[Listed entries — start]
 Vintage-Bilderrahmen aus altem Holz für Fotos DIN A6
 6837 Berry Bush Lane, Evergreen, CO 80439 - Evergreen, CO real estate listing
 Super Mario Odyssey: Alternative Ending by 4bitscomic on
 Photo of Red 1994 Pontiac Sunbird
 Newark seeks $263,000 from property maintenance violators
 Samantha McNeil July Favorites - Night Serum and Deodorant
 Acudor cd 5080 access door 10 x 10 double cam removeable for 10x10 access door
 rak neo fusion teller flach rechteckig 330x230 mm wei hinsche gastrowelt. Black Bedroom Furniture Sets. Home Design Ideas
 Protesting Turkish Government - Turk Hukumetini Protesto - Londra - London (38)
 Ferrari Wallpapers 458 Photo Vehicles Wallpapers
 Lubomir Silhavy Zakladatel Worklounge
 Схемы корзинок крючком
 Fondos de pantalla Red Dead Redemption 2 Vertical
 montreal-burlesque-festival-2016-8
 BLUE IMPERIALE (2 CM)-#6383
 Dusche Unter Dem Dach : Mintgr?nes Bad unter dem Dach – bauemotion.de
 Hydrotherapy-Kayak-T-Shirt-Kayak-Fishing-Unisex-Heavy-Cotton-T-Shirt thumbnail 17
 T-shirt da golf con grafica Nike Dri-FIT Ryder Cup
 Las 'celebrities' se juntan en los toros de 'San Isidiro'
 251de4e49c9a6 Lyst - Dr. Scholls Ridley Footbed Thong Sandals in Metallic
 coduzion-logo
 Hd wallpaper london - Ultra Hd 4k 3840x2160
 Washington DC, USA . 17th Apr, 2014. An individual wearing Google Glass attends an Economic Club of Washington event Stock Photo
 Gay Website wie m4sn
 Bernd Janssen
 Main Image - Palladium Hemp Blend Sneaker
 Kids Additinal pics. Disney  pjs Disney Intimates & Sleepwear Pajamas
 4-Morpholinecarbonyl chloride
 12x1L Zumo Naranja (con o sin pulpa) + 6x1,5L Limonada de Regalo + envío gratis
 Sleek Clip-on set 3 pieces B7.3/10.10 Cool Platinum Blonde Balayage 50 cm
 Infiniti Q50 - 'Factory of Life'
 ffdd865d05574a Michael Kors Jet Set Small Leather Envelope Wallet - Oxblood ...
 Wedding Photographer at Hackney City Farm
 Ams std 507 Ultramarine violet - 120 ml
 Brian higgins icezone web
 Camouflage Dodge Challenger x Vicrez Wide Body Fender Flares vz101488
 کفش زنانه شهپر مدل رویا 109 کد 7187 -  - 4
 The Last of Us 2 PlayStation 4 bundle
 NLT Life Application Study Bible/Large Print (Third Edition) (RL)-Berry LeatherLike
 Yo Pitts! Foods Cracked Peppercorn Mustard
[Listed entries — finish]
» Your objective: Extract each line from the listing that holds the word "Life".

» Written response:
 Infiniti Q50 - 'Factory of Life'
 NLT Life Application Study Bible/Large Print (Third Edition) (RL)-Berry LeatherLike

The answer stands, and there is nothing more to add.